Dicho esto, el procónsul, esbozando una fina y extraña sonrisa, hizo una seña con la mano a los magistrados para que abandonasen el estrado. Salió él en primer lugar y detrás de él los jueces, funcionarios y escribientes. Acto seguido, los lictores empezaron a despejar la sala blandiendo sus varas de forma amenazadora.
También Podalirio, Titio Justo y Lucius tuvieron que salir.
—¡Galión ha estado genial! —exclamó Podalirio con entusiasmo mientras abandonaban el pórtico—. No esperaba menos de él.
En ese momento, ya en el ágora, se formó un gran revuelo: algunos de los griegos y romanos a quienes Sostenes había citado en el tribunal estaban muy ofendidos y, junto con sus familiares y otros ciudadanos, rodearon al jefe de la sinagoga y empezaron a abofetearle mientras, el gentío, deseoso de espectáculo y diversión, estaba de gorja y los jaleaba.
Cuando, al día siguiente a mediodía, Podalirio regresó al Asclepion, después de haber estado dando un paseo por los campos, su hijo Egimio se fue hacia él muy alterado y le comunicó a voces en el jardín:
—¡Menos mal que has vuelto, padre! Madre se ha enterado esta mañana de que en el juicio que hubo ayer en la
bema
citaron tu nombre, poniéndote en evidencia delante de todo el mundo. Se ha enojado mucho y ha ido a la casa de Titio Justo a pedir explicaciones.
—¿A pedir explicaciones? ¿De qué?
—A madre se le ha metido en la cabeza que esa tal Ródope es tu amante y que te ha hecho un sortilegio para enredarte en asuntos oscuros de judíos.
Podalirio miró atónito a su hijo y exclamó con pavor:
—¡Tu madre ha perdido la cabeza!
Egimio estaba muy asustado.
—Sí. Decía que iba dispuesta a hacer una locura, que su paciencia había llegado al límite y que no consentiría que nadie más se metiera en nuestra vida. Cree que esa mujer está detrás del viaje que piensas emprender e incluso sospecha que te irás con ella. Estaba arrebatada por celos infundados y absurdas suposiciones. Intenté calmarla; pero… ¡ya la conoces!
Podalirio gritó acongojado:
—¡Lo va a complicar todo! ¡Qué manía tiene tu madre de meterse en mis cosas!
Y, dicho esto, se dio media vuelta y se encaminó hacia la ciudad a todo correr por entre los almendros.
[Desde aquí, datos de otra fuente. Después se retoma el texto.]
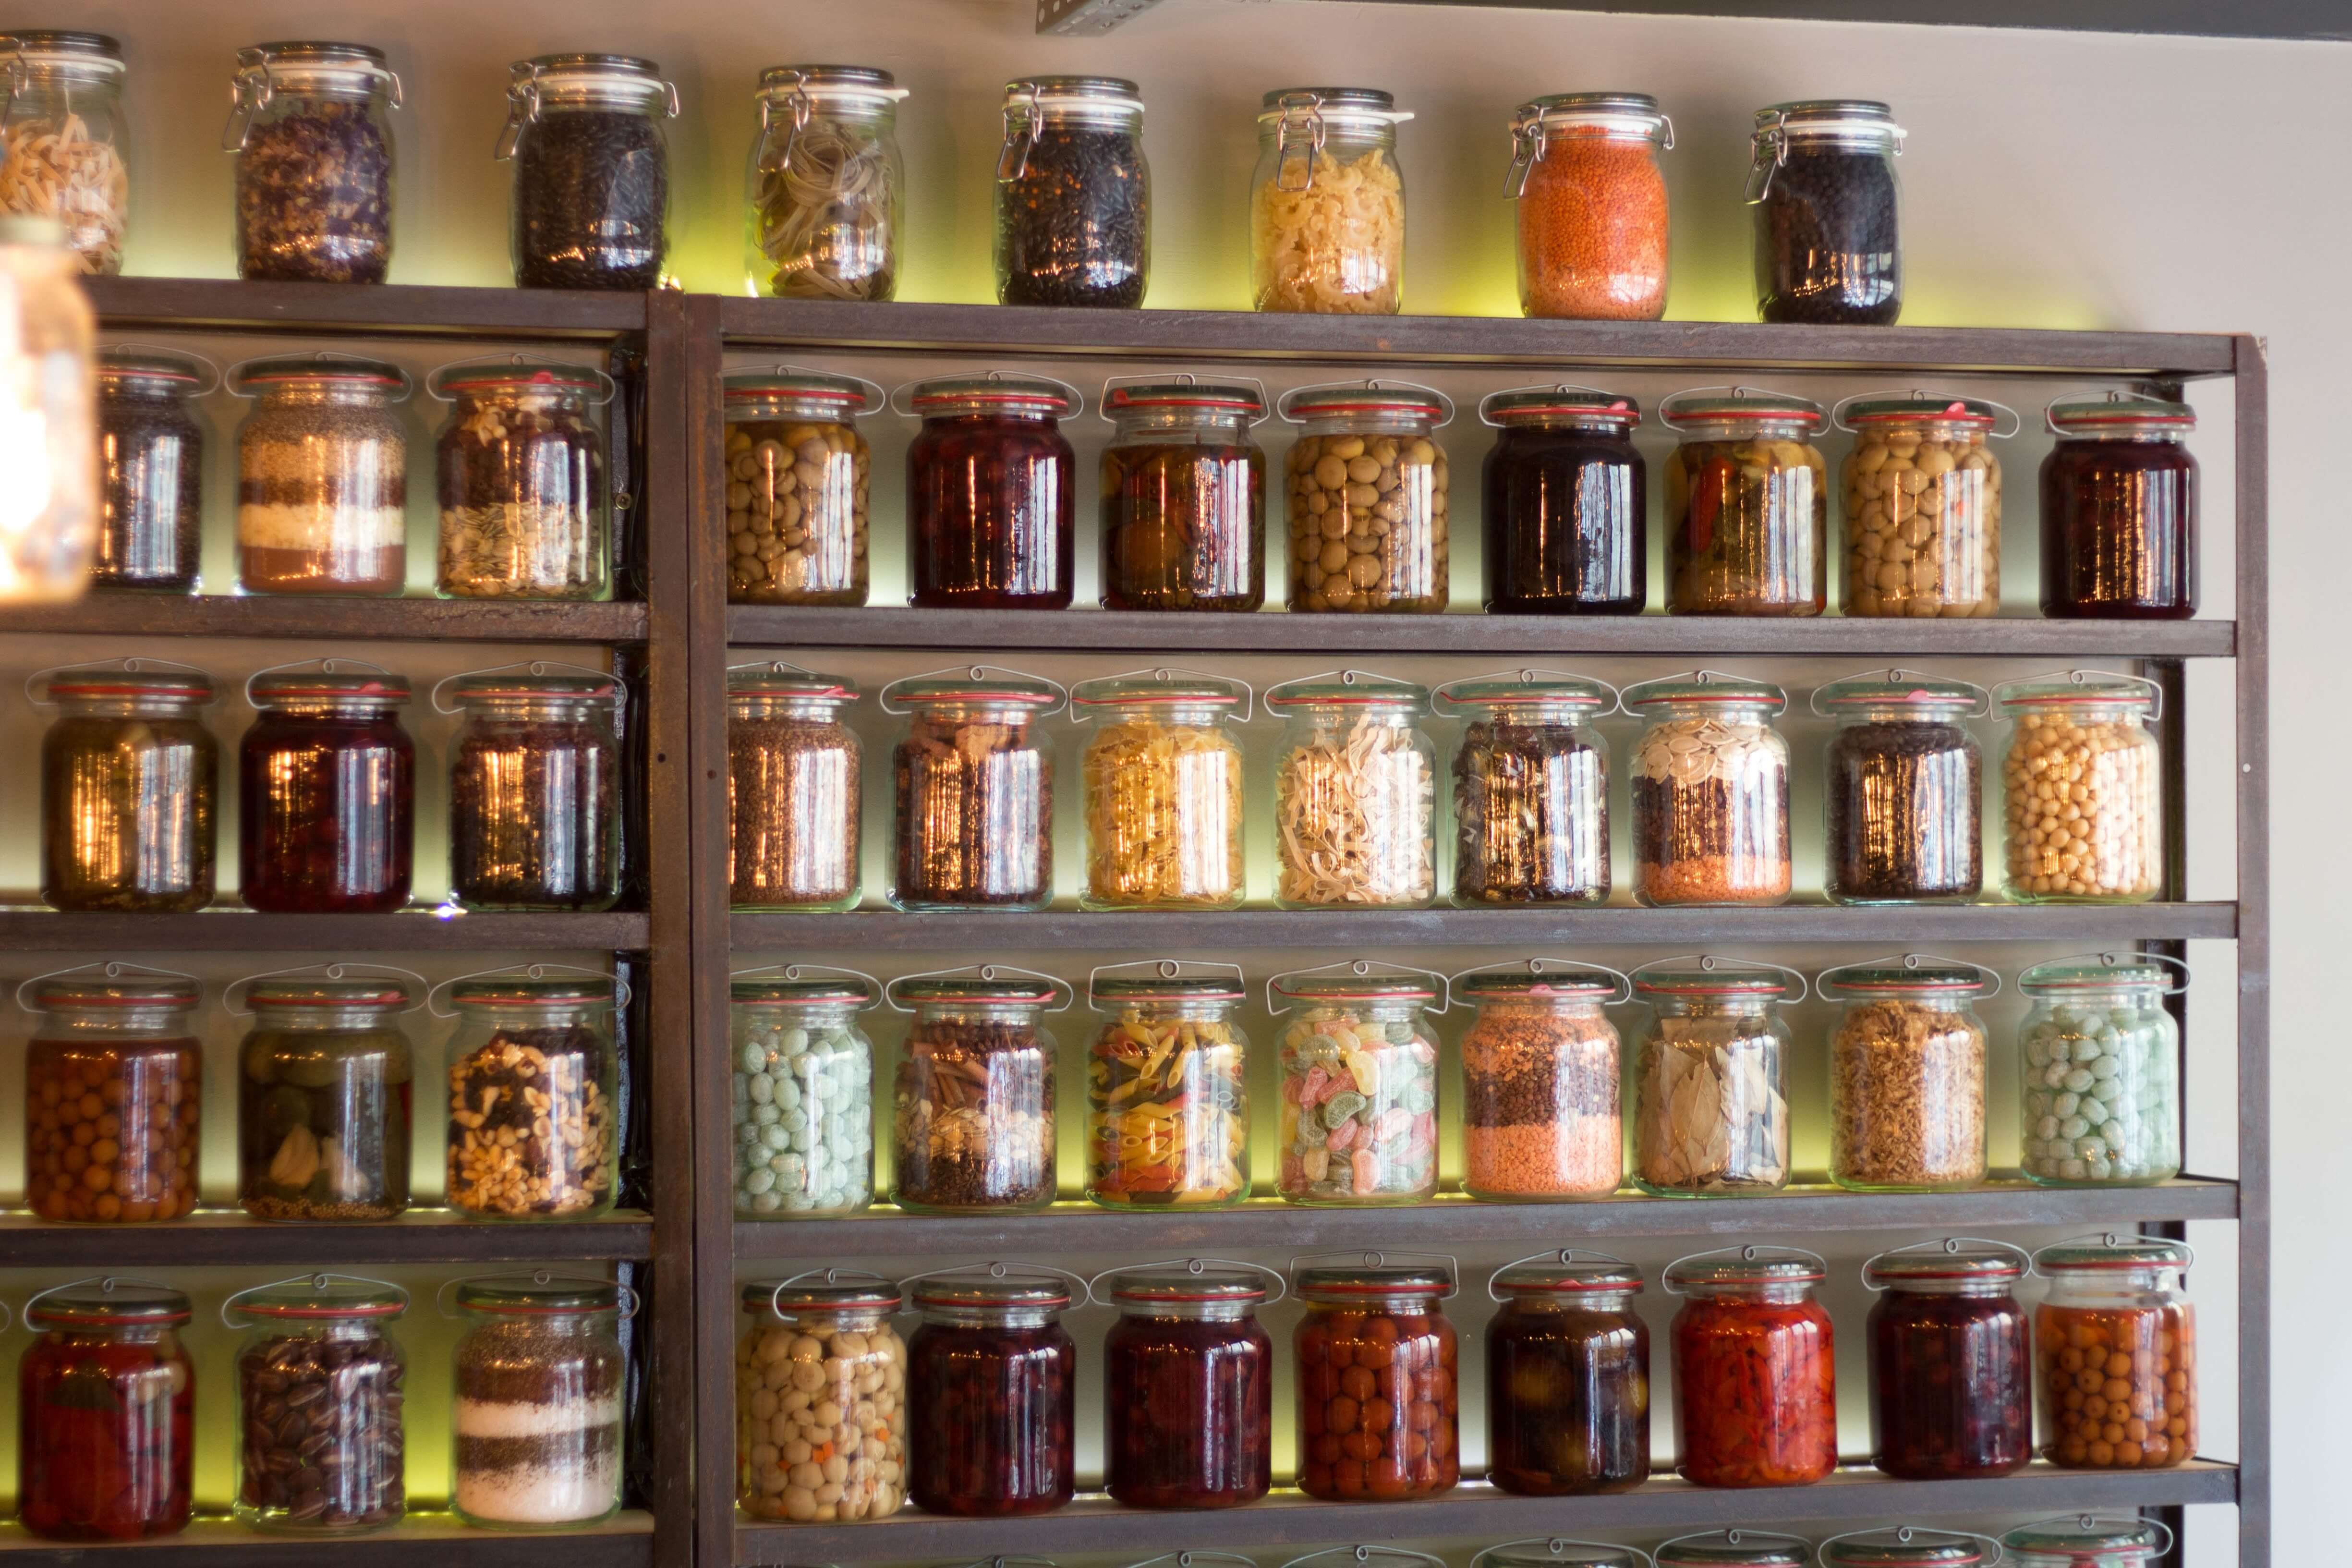 A series of jars arranged on a shelp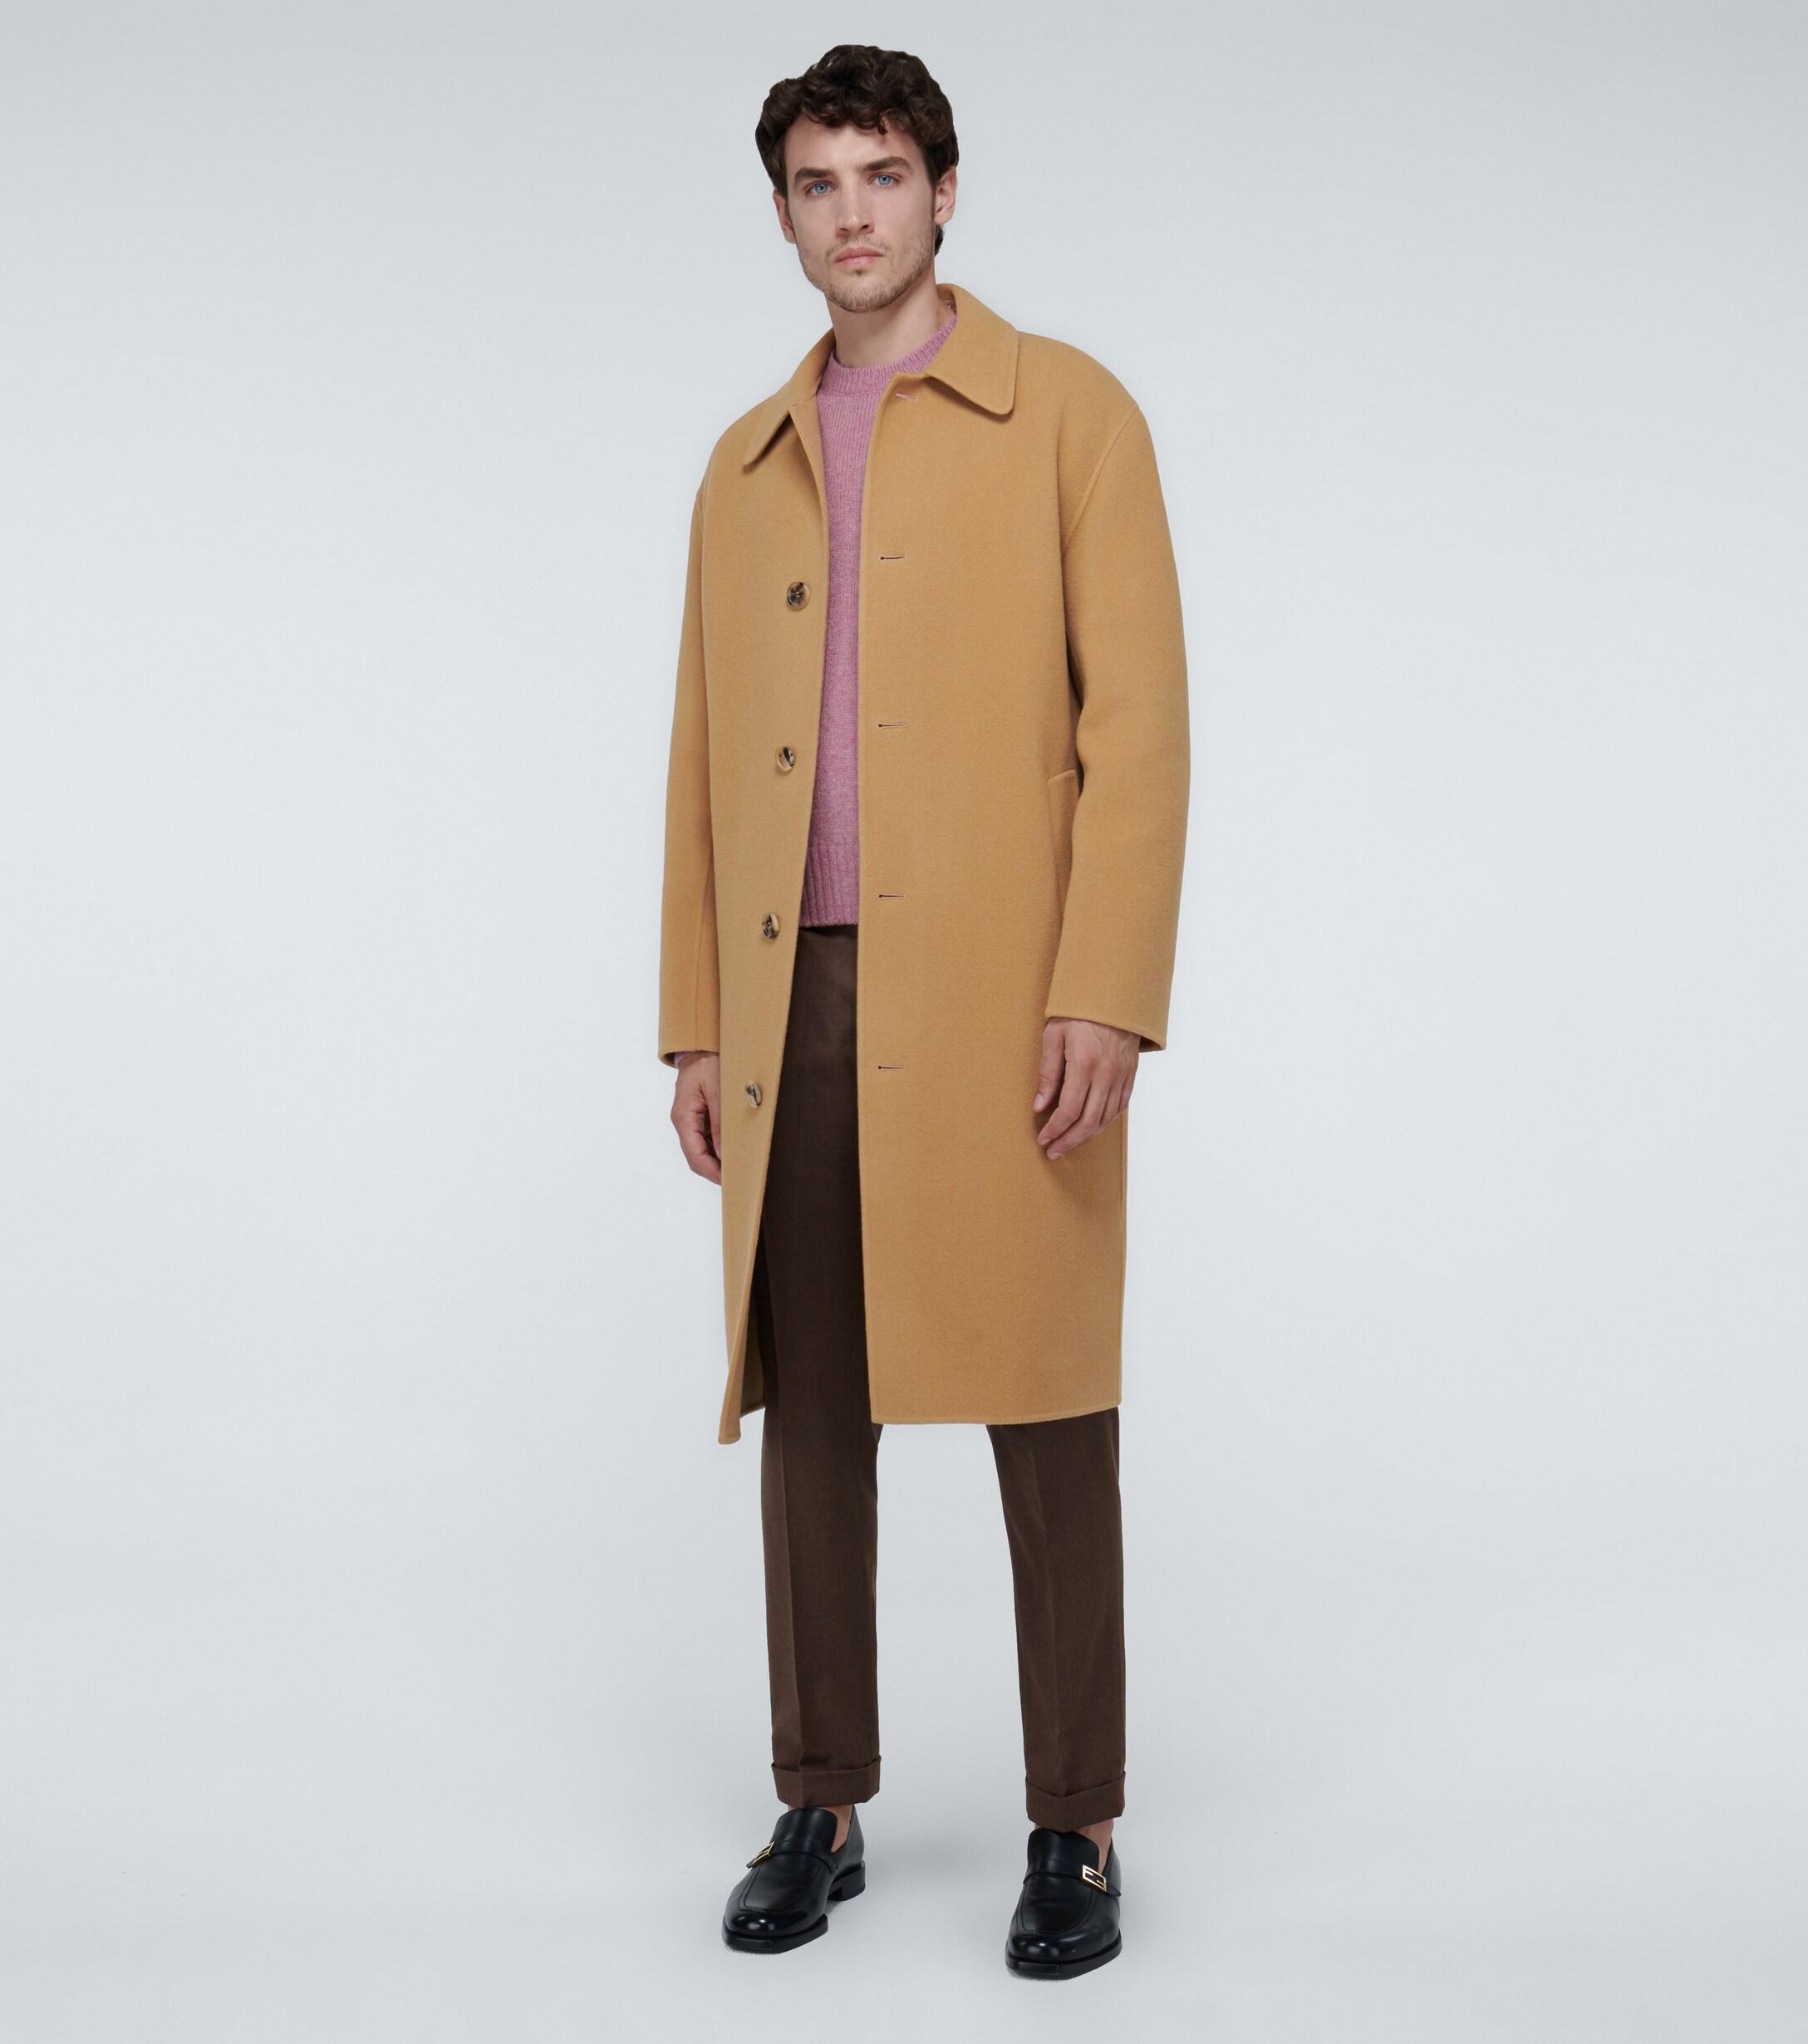 JW Anderson Wool Overcoat in Beige (Natural) for Men - Lyst

—¿Voy contigo, padre? —le gritó a la espalda Egimio.
—¡No, hijo! ¡Quédate al cuidado del templo!
Sudoroso, con la mirada llena de espanto, azorado el rostro y rebosante de angustia el corazón, entró Podalirio en la casa de Titio Justo esperándose cualquier cosa. Pero, para su sorpresa, encontró el patio en completa calma. Allí estaban, aparentemente felices, Ródope, su esposo y los huéspedes Saoul y Lucius.